Even if you’re not already familiar with the story of Margaret Keane, it’s easy to see halfway through the film why Tim Burton may relate to Keane and her famous ‘big eyed waif’ portraits. Both artists made their names on pieces of easily recognisable pop art that contain a small element of the macabre, yet scratch the surface of these quasi-gothic curiosities and there’s little behind the artifice. Margaret Keane was clearly content creating numerous variations on the same essential before she met her husband, and later the man who attached his name to the paintings, Walter Keane, but once they became a success he hatched a plot to reproduce the concept endlessly and create an artistic cash cow. There’s a subplot buried in Big Eyes – about a small collection of decidedly different works she did put under her own name –but within the flashier forgery narrative it barely registers. This really is the embodiment of how Big Eyes plays within the larger trajectory of Burton’s career. As a brief respite from the cynical self-imitation at the behest of his own Walt (Disney not Keane), Big Eyes makes little impact and doesn’t exactly prompt forgiveness for his increasingly tired schtick in recent years.

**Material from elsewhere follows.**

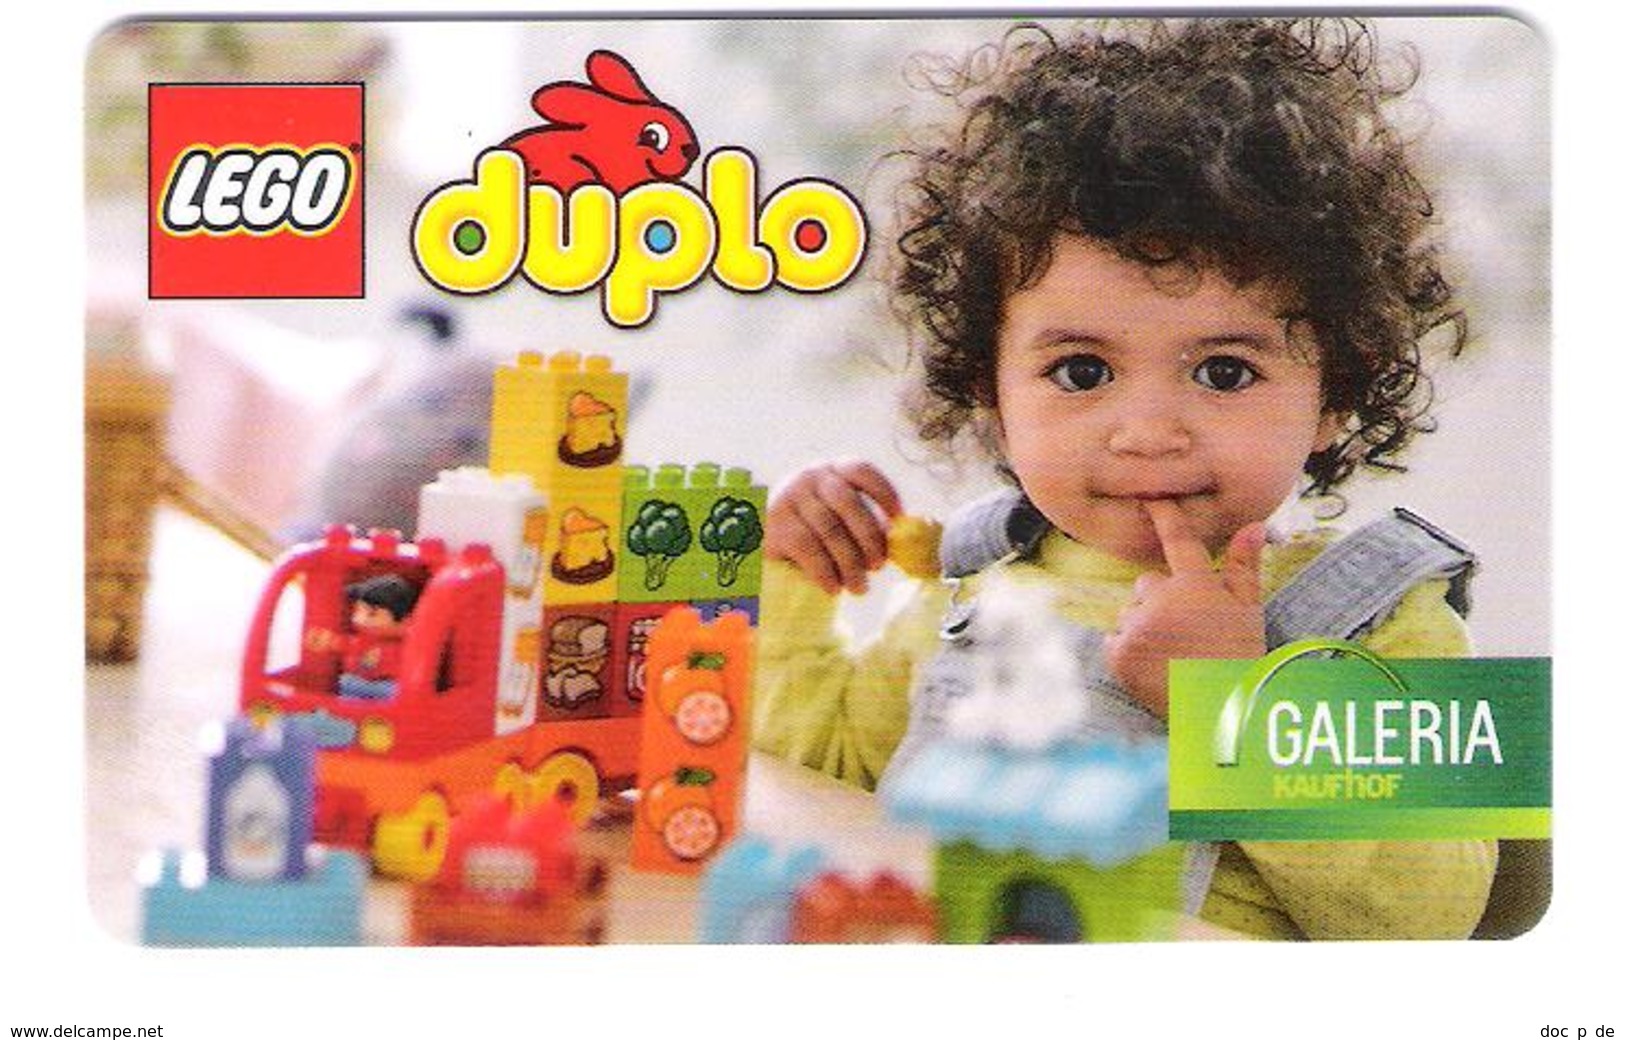 Germany - Allemagne - Galeria - Lego - Duplo - Carte Cadeau - Carta Regalo - Gift Card - Geschenkkarte - Gift Cards

Burton presents his story as an extremely black-and-white feminist morality story. The film opens with Margaret (Amy Adams) leaving her first husband, while gossip writer Dick Nolan (Danny Huston) narrates the story as if it’s a fable, treating the misogynist culture of 1950s America like a far-off fantasy world. The lack of urgency in the film’s gender politics keep the audience at arm’s length; Burton is a filmmaker so wrapped up in artifice that his take on past chauvinism comes across as a relic from a bygone era, something to wag our fingers at from a safe distance and not actually confront now. Unfortunately, this doesn’t swing positively in the other direction either as Burton forgoes the satirical ersatz suburbia of Edward Scissorhands or the immersive and impassioned period detail of his true masterpiece Ed Wood. There are occasional bits of Burton flair, particular in the garishly colourful prison that Walter makes out of their flashy poolside mansion. In other places his attempts to inject gothic unease – in the form of real life waifs popping up – feel forced and ineffectual, an ill-thought-out play on audience expectations.
At the film’s core is Adams, who is convincing and fully rounded as Margaret Keane, but unfortunately the character offers very little. Whatever you think of her work, Keane just doesn’t come across as particularly interesting as an artist or as a person. The audience is very much aware of how awful her situation is, but the film provides little reason to care. In films like this, passivity should never be mistaken for lost agency and Margaret’s strange absence from her own narrative leaves little emotional perspective for the audience to orientate themselves around. Christoph Waltz offers no real surprises as the schmoozer-turned-tyrant Walter, who accidentally takes credit for Margaret’s work before turning himself into a celebrity and pushing her into becoming a one-woman art factory. He applies a lot of flair to an appropriately garish character, but for those who have seen the Tarantino roles that brought him fame (i.e. everyone) it reads as an easy pay cheque for a talented actor.
Everyone’s intentions here are good; it’s important that we tell stories about how maligned talented women are in all industries and I respect Burton for breaking out of his Johnny Depp Disney rebootathon. Ultimately though, Big Eyes is completely ineffectual, dampened by a weak script full of on-the-nose clichés, and telling a story that probably works best as a weekend paper feature article.